- Born: April 11, 1942 (age 82)
- Origin: Perth Amboy, New Jersey
- Genres: Jazz, free jazz
- Occupation: Musician
- Instrument: Drums
- Website: Official Website

= Bobby Kapp =

American jazz drummer (born 1942)

Bobby Kapp (born Robert Kaplan on April 11, 1942) is an American jazz drummer.

==Life and career==
He studied with Alan Dawson at Berklee College of Music before moving to New York in the 60s, where he played and recorded with alto saxophonists Marion Brown and Noah Howard, pianist Dave Burrell and tenor saxophonist Gato Barbieri.
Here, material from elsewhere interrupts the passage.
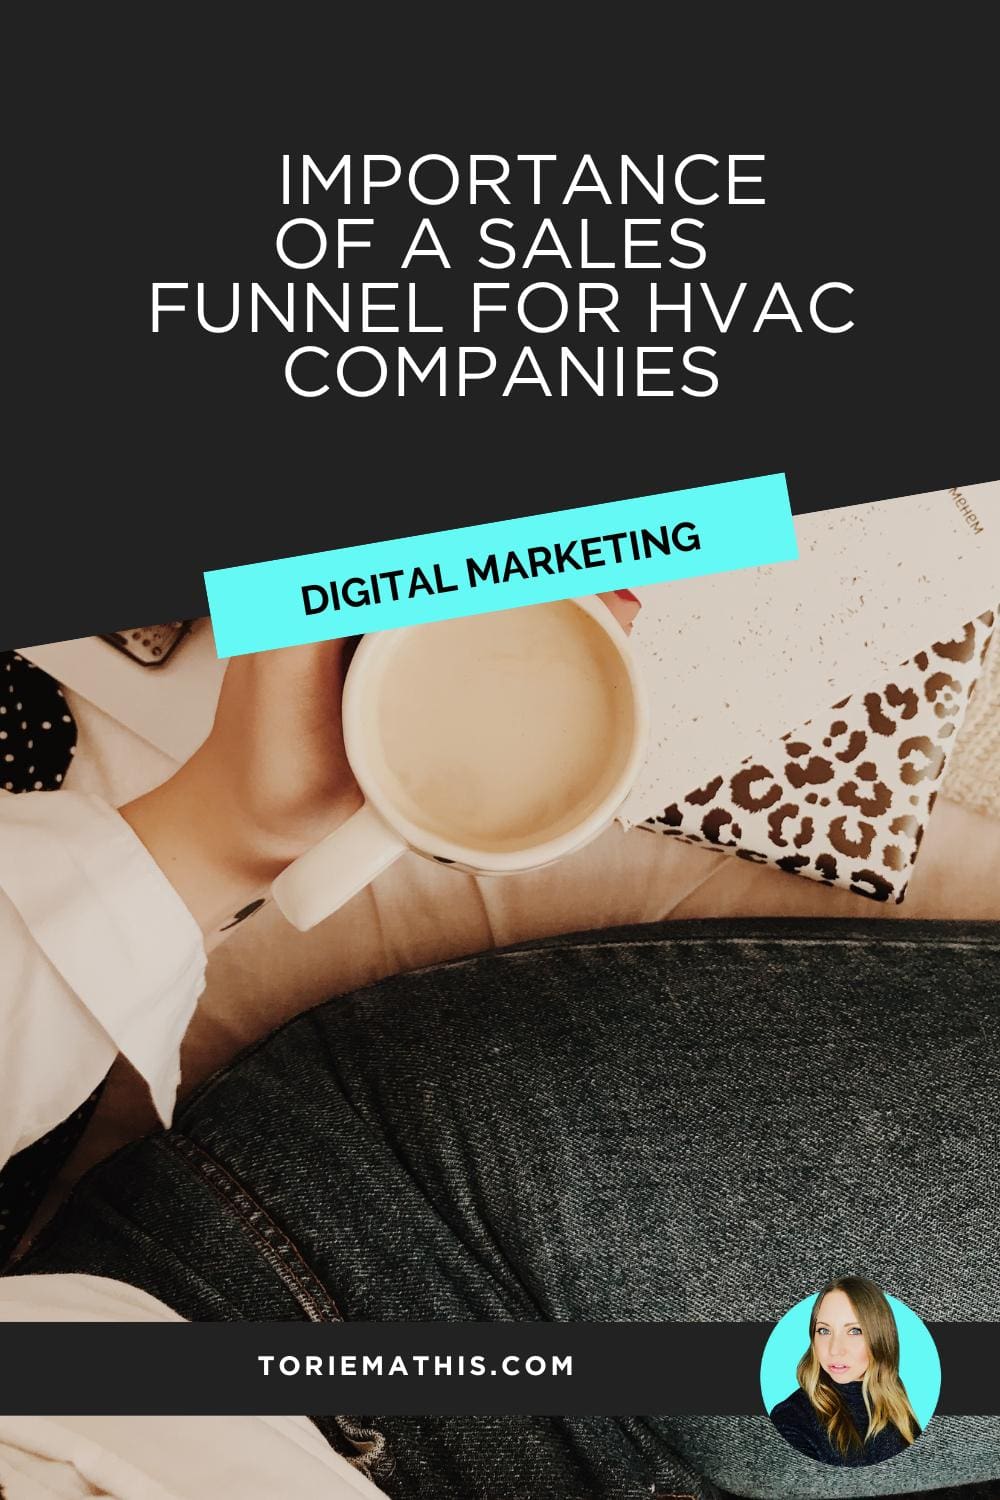 Utilizing a Sales Funnel to Fill an HVAC Company's Calendar Year-Round

After relocating in San Miguel de Allende, Mexico, in the 90s he co-led the Fine Wine Trio with pianist Richard Wyands and bassist Gene Perla and reunited with Noah Howard for the duo album Between Two Eternities. In 2014 he released the quartet album Themes 4 Transmutation, followed by Cactus, a duo recording with pianist Matthew Shipp.

==Discography==

===As leader/co-leader===
- Themes 4 Transmutation (2014)
- Cactus (Northern Spy, 2016) with Matthew Shipp

===As sideman===
- with Gato Barbieri
- In Search of the Mystery (ESP-Disk, 1967)
- with Marion Brown
- Three for Shepp (Impulse!, 1967)
- with Dave Burrell
- High (Douglas, 1968)
- High Won-High Two (Freedom, 1968)
- with Noah Howard
- At Judson Hall (ESP-Disk, 1968)
- Between Two Eternities (Cadence Jazz, 2000)
- with Ivo Perelman
- The Art Of Perelman-Shipp Volume 2: Tarvos (Leo, 2017)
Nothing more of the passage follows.